White caps rolled in sideways from the ocean, little waves hello from a storm tossing around in the Bahamas. A chill wind pushed a mist over Port Ellery; not enough to make Duncan close his truck window but enough to soften the world. It might be mean weather for early October, but inside, he was radiating a tropical front. Orders for the spring season were pouring in from nurseries around the country for Go Kelp! fertilizer, his new mix of dehydrated fish waste and seaweed fertilizer he’d created at his family business, Seacrest Ocean Products of Maine. This bounty, this unexpected burst of sales, this lifesaver thrown to him as he was going down for the third time, he owed to a seagull. They’d saved one another. The bird had a six-pack holder wrapped around his neck, strangling himself on the beach, but Duncan was able to catch him in a feat of daring that had been caught on camera and posted on YouTube, making them both minor celebrities, the bird a symbol of hope in hopeless times. The gull was still convalescing at Seagull Rescue, where Josefa had named him Kelp, inspiring the name of the fertilizer.

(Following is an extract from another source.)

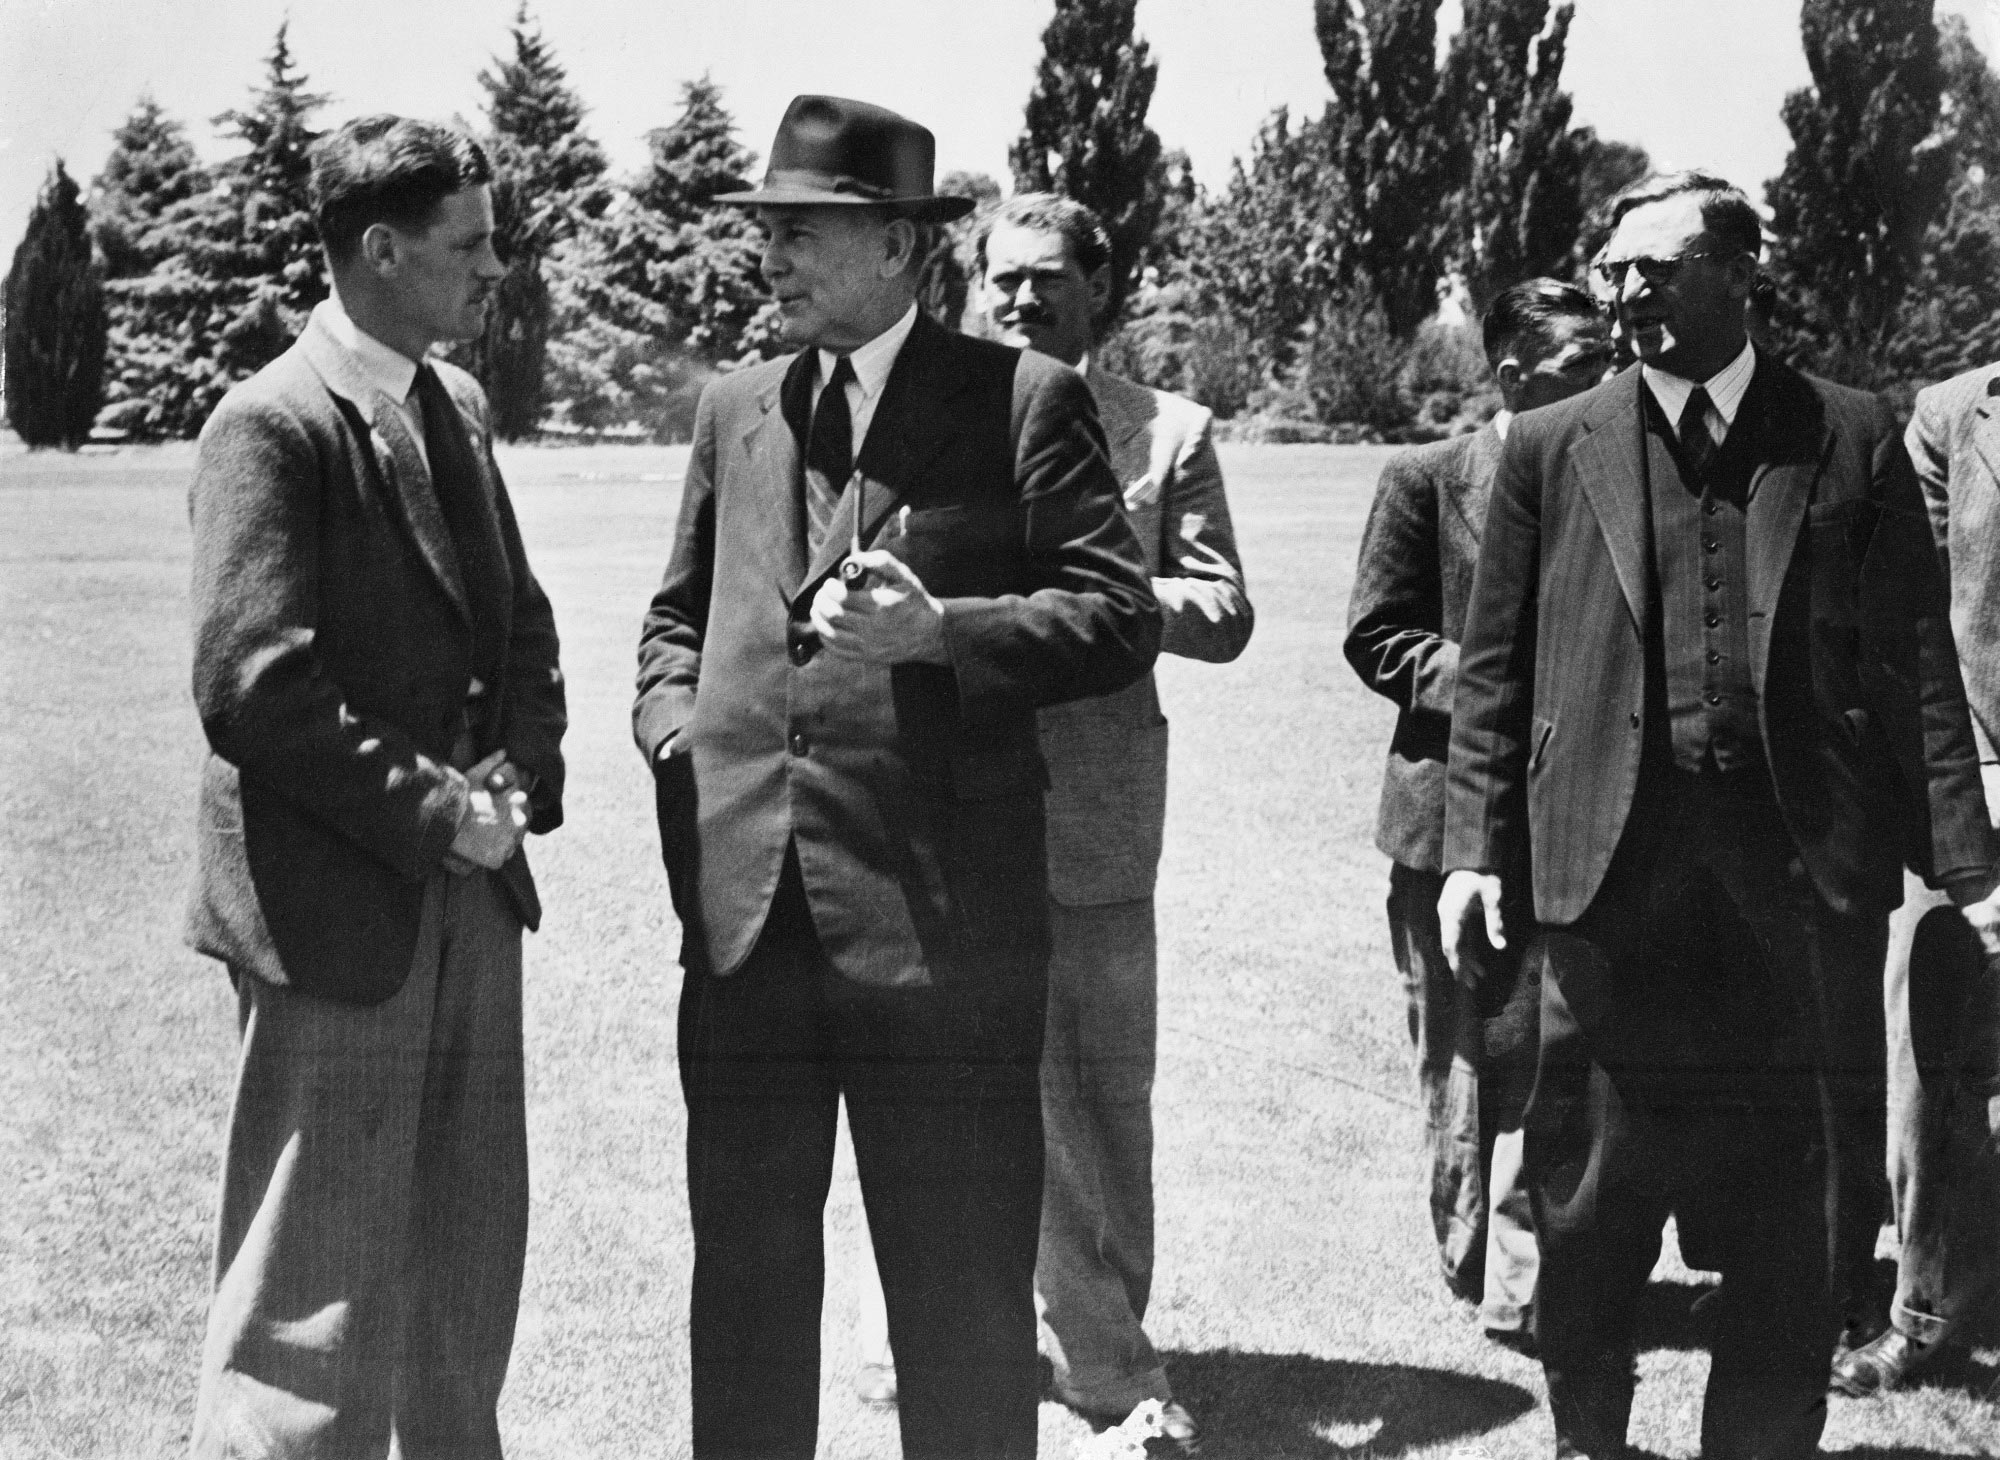 First assisted passage migrant from England, Tommy Smith, meets Prime Minister Ben Chifley and Arthur Calwell, 1947.

Seacrest’s marketing consultant was considering putting the bird’s picture on the label since their fate seemed spliced together now. Fans had been leaving offerings at Seacrest’s for Kelp and Josefa’s other rescued gulls: Cases of sardines, medical supplies, stuffed animals, and most important, checks. Leaf peepers swung through town to see the beach where Kelp had been saved, with hopes of meeting Duncan, the gull’s savior. His maintenance man, Wade, kept them out of the factory, but profited by selling photo-copied directions to Josefa’s for $2.00 a pop.

“Don’t take advantage of their devotion like that,” said Duncan.

Wade mocked insult. “A public service,” he called it, and perhaps it was. The city’s streets had been laid out in the 1700’s on top of mule paths, then randomly marked as one-ways, so getting into the center of downtown was a challenge even for natives. Duncan wished he had one of those maps right now as he found himself trapped on multiple dead-ends or driving against one-way traffic as he tried to navigate the inner world of Port Ellery, a grim corrective to its public face of beaches and clam shacks. Narrow streets rose up sharply from the water, joining at the top to create a high mound of old brick buildings. Altitude had protected them from the sea over the years but the salted wind and reflected sun had aged them. A wet day like this gave them a dark luster. Josefa lived on the other side of the hill where the newer housing—meaning built sometime in the last century—looked older still. Vinyl clapboards were chipped and bent back exposing foil innards, and satellite dishes sprung from eaves like warts. Dirt yards were landscaped with swing-less playsets and the only color in the neighborhood came from plastic flowers at the Madonna bathtub shrines. As he circled the streets, lace curtains opened, then closed, and he felt himself being scrutinized. With some sense of accomplishment, he pulled up to Josefa’s at last, a single-family home that was this side of complete dilapidation and had the acrid smell of penned birds. The lawn was white with droppings. On the locked, chain-linked gate, there was a sign: “Sshh, Kelp is sleeping.” Josefa was nowhere to be seen but he heard her dogs barking inside. In the course of looking for sick gulls, she often picked up other needy animals, especially in the weeks after Labor Day when the summer people left, abandoning their pets. She found homes for them all eventually, but this time of year she still had a full house of dogs, cats, cockatiels, guinea pigs and even a ferret. When he climbed down from the pick-up, a half dozen cats were sitting in the branches, as solid as sandbags, staring at him.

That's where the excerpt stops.